--- Data segment ---
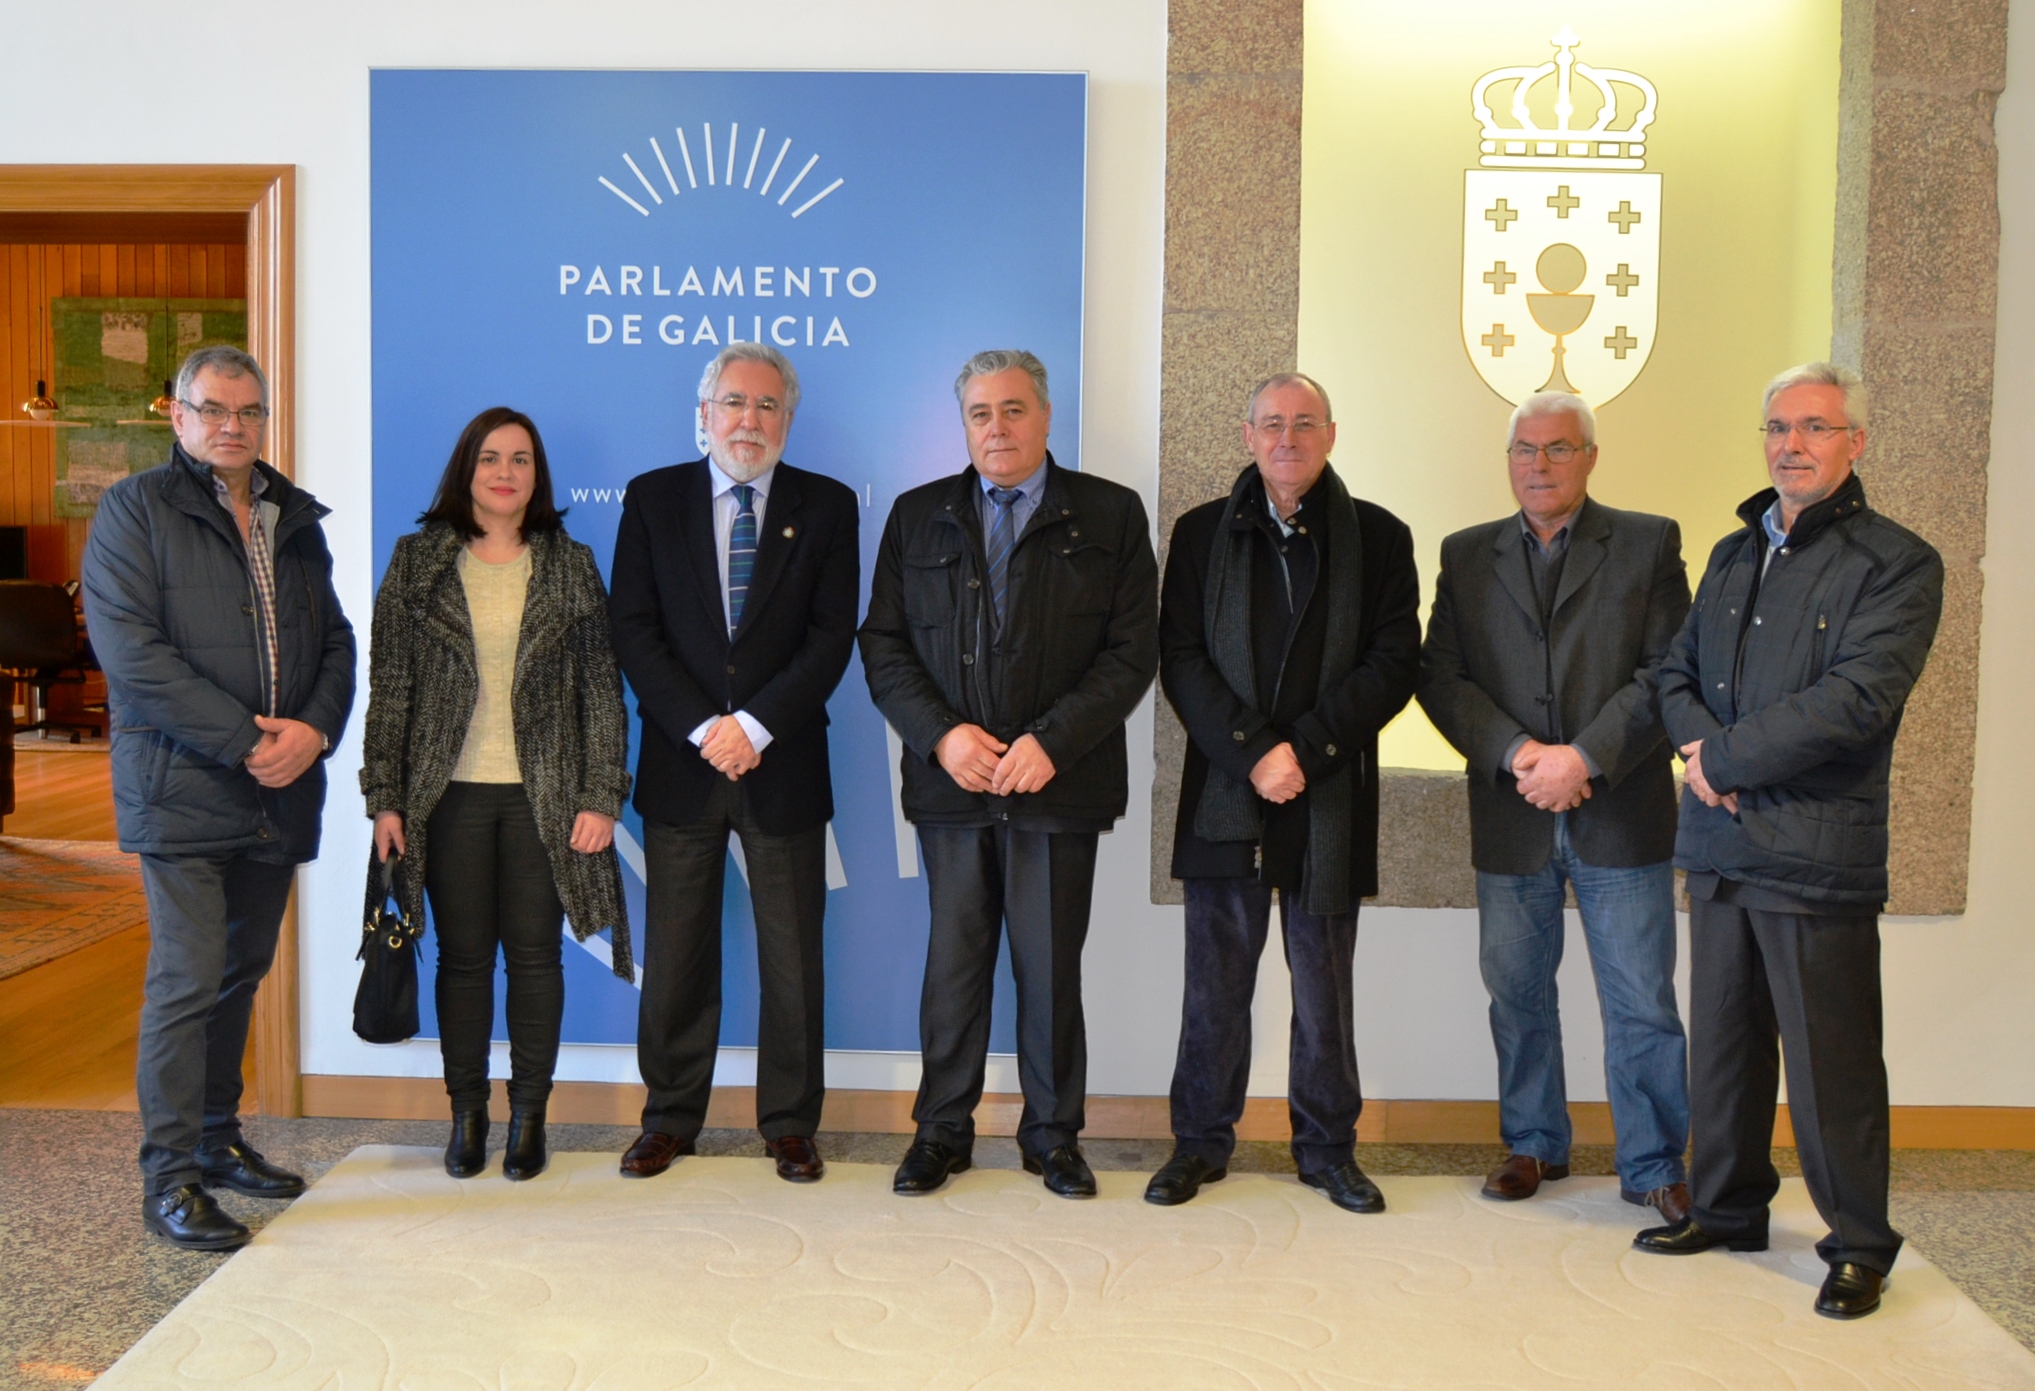 Foto da noticia:Integrantes da Corporación de Lobeira visitan o Parlamento de Galicia
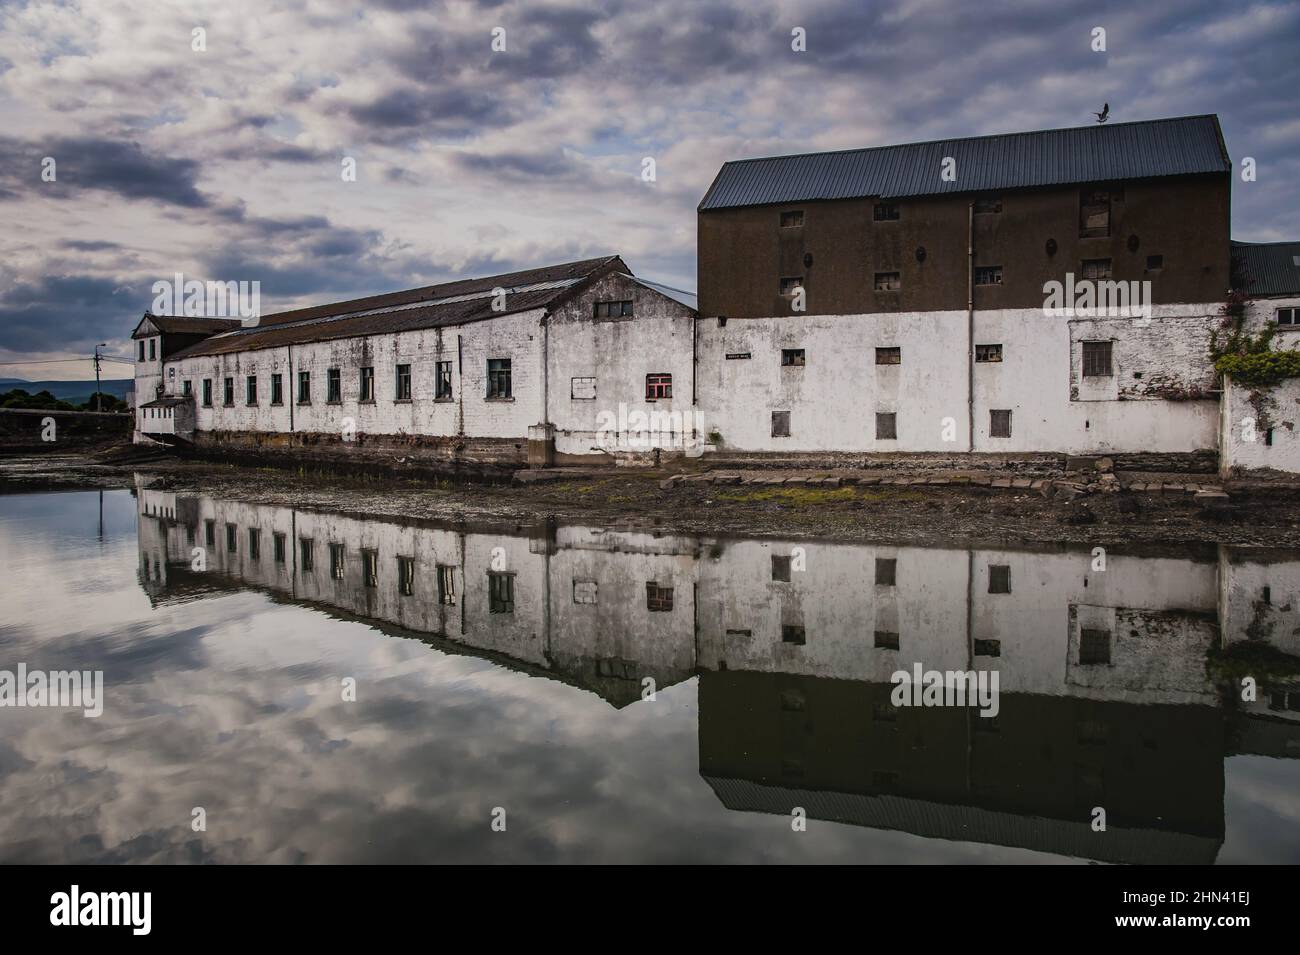 Spettrale fiume Vartry nel porto industriale di Wicklow città con vecchi edifici portuali che riflettono sul porto tranquillo, acqua piatta o inquietante abbandonato villaggio porto Foto Stock
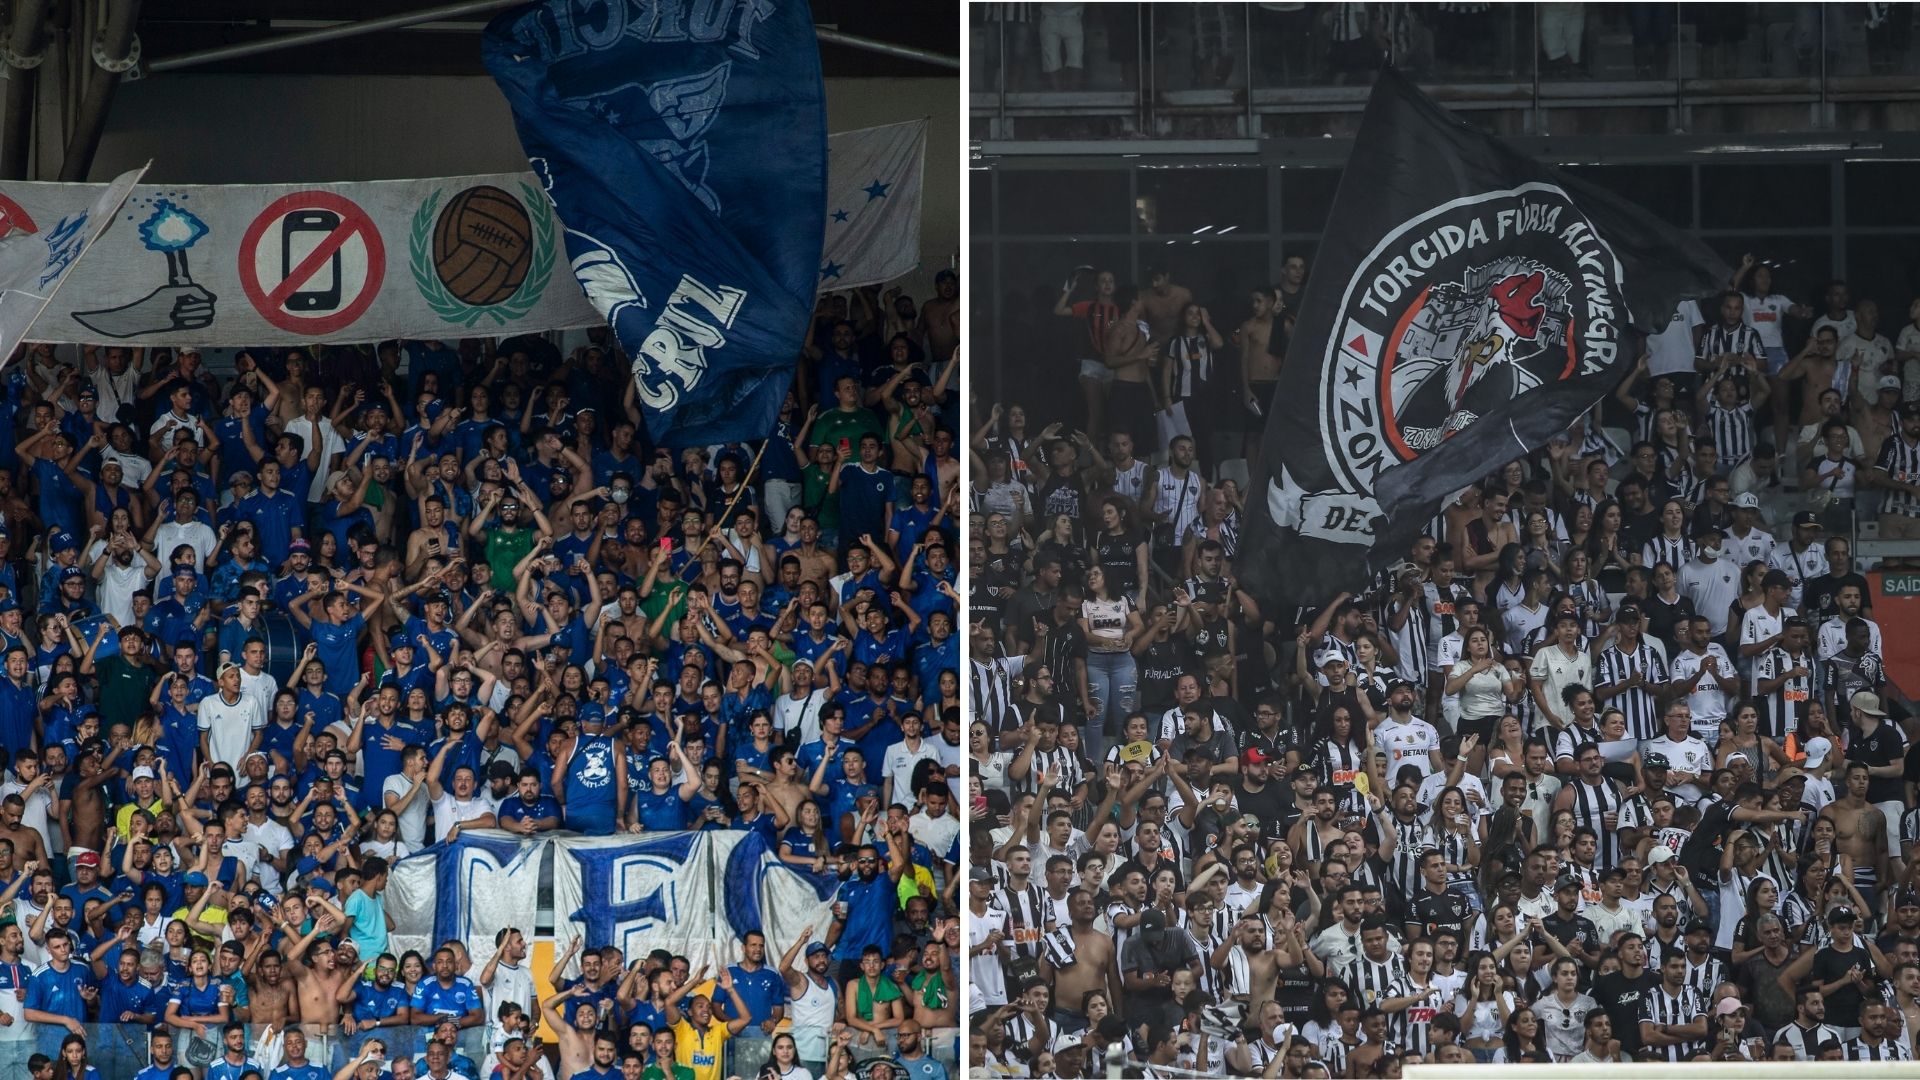 Torcidas de Cruzeiro e Atlético-MG
---
▶ **Exercise**
Nothing but the lines from the one containing "Spettrale fiume Vartry" through the end of the listing should be printed, each exactly as it appears and without pictures.

▶ **Task response**
 Spettrale fiume Vartry nel porto industriale di Wicklow città con vecchi edifici portuali che riflettono sul porto tranquillo, acqua piatta o inquietante abbandonato villaggio porto Foto Stock
 Torcidas de Cruzeiro e Atlético-MG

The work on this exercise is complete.